What Ash Magick have done here is fucking stupendous. I know that sometimes it isn’t played with watertight proficiency, that the production is a rough acquired taste, and that sometimes the snare gets lost in the mix. I don’t care. I have scoured every shelf in my capacious vault of fucks and found not one to give. This is an unstoppable hunting party of a release that greets your presence with total overkill. It’s merciless, uncompromising, and every God damn thing I could ask for from a black metal album in 2025. I’d hold my tongue when it comes to calling it a masterpiece; fundamentally it brings nothing new to the table – if every black metal album copied Ash Magick’s template for the next hundred years then the releases would be excellent but the genre would have advanced no further than it had a century ago. so I can’t place it alongside something like “A Blaze in the Northern Sky” or “De Mysteriis dom Sathanas” purely on the basis that those albums represented the evolution of a genre at the time of their release.
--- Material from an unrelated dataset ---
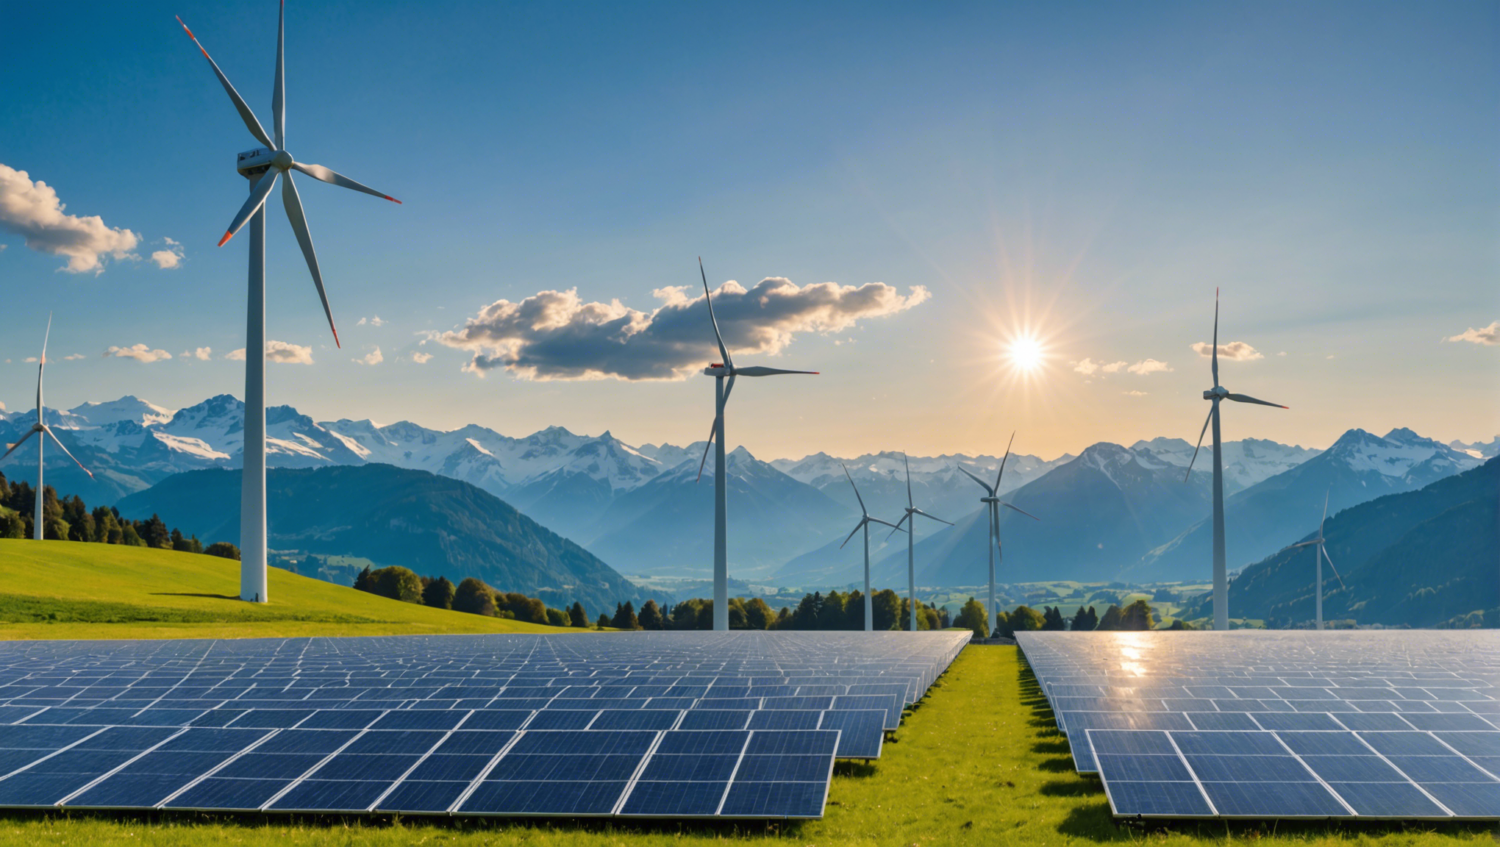 découvrez les raisons pour lesquelles la suisse peine à se développer dans la production d'électricité solaire et éolienne. explorez les défis et les opportunités liés à cette transition énergétique.

But – and understand that I love both of those albums like my own limbs – I enjoy this new Ash Magick manifestation every stray angstrom as much as it’s esteemed forefathers. There is no hesitation on my part in giving this album the highest of high recommendations; I beseech you, urge you, compel you to the fullest extent to which I am capable to buy this shit the nanosecond opportunity presents itself.